GA is a nature-inspired method and a major constitution of Computational Intelligence (CI), designed to solve real world problems. Our objective in the GA is to find the optimal solution for an optimization problem.

In this study, given a certain regression model M and a dataset D, we look for the minimal subset of SNPs in D that provides us the best phenotype prediction results, as our goal. The normal procedure for stopping a GA, in case the optimal goal is not met, includes (but is not limited to) setting time limit on the runtime of the algorithm or the number of iterations. Here, we employ the latter and set maximum number of iterations to 5000.

There are a limited number of metrics used for regression problems. Among them, MSE is commonly used as a measure to compare different methods. However, through empirical study we found out that $R_{\text{Adj}}^2$, serves as a better objective for the task at hand. This metric can be calculated as follows:

$$R_{\text{Adj}}^2 = 1 - \dfrac{(1-R^2) (n - 1)}{n-p-1};$$

where p is number of independent features selected for training the model, n is the number of samples, and $R^{2}$ is calculated as below:

$$R^{2} = 1 - \dfrac{RSS}{TSS};$$

where RSS is the sum of squares of residuals and TSS is total sum of squares for a given trait. $R_{\text{Adj}}^2$ and $R^{2}$ range from 0 to 1, with 1/0 being the best/worst value. We set maximizing $R_{\text{Adj}}^2$ and minimizing the number of features as primary and secondary objectives in our GA, respectively. In other terms, our optimization algorithm maximizes $R_{\text{Adj}}^2$ of phenotype prediction using as few features as possible.


The purpose of GA in our approach is to find the minimum set of the features, for each trait, that delivers the best prediction power. However, evolutionary algorithms alone cannot prioritize suitable features, resulting in extremely long run-times until convergence. In order to guide our GA, we first mark valid SNPs for each trait and our GA is only allowed to use them in order to form the output set of the features. To do so, we make use of LD between SNP pairs and Pearson Correlation Coefficients among each SNP and the target trait. LD between SNP pairs is calculated using Python scikit-allel package. The code for pre-processing can be found at

The Genetic Algorithm

In this section, we present the details of our GA. The inputs to our GA are the training set and valid feature indices acquired by the pre-processing step. The output is the set of selected SNPs that give the optimal result for predicting the phenotype of interest. Since randomness in evolutionary algorithms is inevitable, specially in this problem, we run the GA three times and use the intersection of outputs as the final set, for each setting.

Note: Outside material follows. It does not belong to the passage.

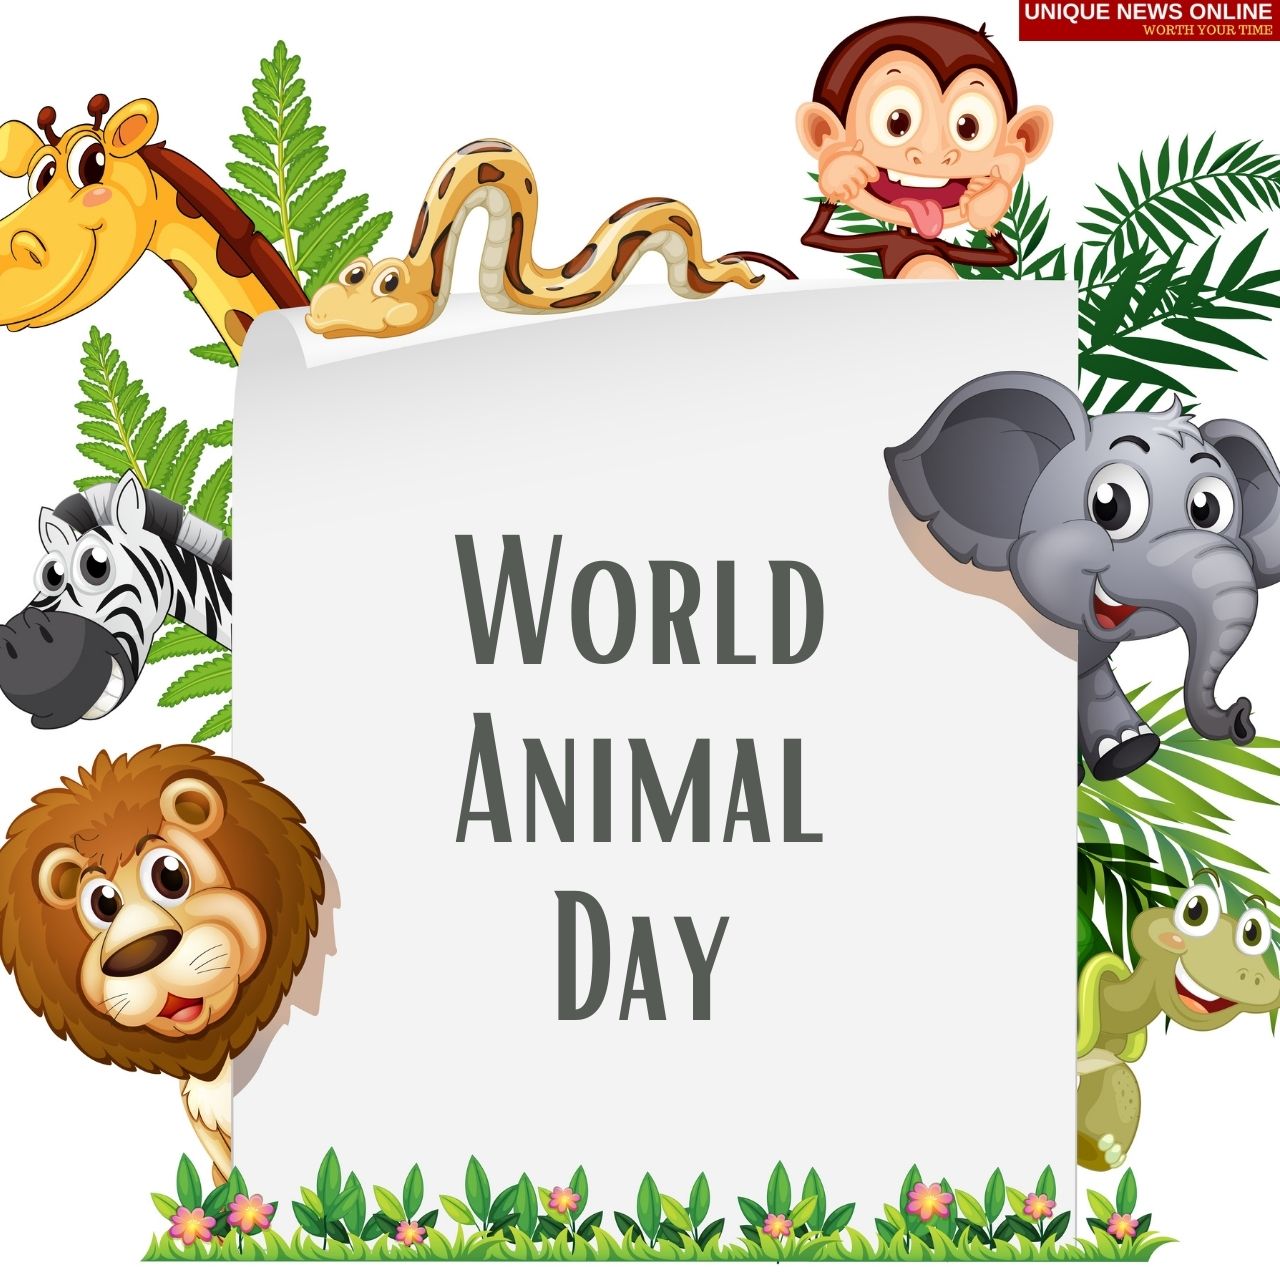 World Animal Day 2021 Quotes, Wishes, Poster, HD Images, and Messages to Create awareness

The building blocks of each GA are chromosomes and three functions named fitness , mutate , and crossover. The overall process of the proposed GA is illustrated below:

In our algorithm, each chromosome contains a vector of binary values (1/0) called genes. In other terms, genes is referred to the parameters of the solutions in our problem, this should not be confused with the concept of genes in genetics, and through this paper, we use gene(s) only in context of GA. The length of each array is equal to the number of loci in genotypes. Setting each element in these arrays to 1/0 indicates that the corresponding feature should be used/discarded in the respective data subset. In other terms, these arrays mask the presence of features in the dataset, as demonstrated below:

The fitness function in the proposed GA simply calculates fitness score on the training set, that is, $R_{\text{Adj}}^2$ in this study, using Bayesian Ridge regressor implementation from Scikit-learn package. The key to selecting the model for the fitness function is that it should not have inherent L1 penalty (e.g. Lasso), so that redundant features affect model performance are removed in the process. Tabu Search (TS) is incorporated into our GA in order to improve local search and prohibiting it from re-checking previously-visited solutions. Furthermore, TS can save time by preventing redundant calculations in the fitness function.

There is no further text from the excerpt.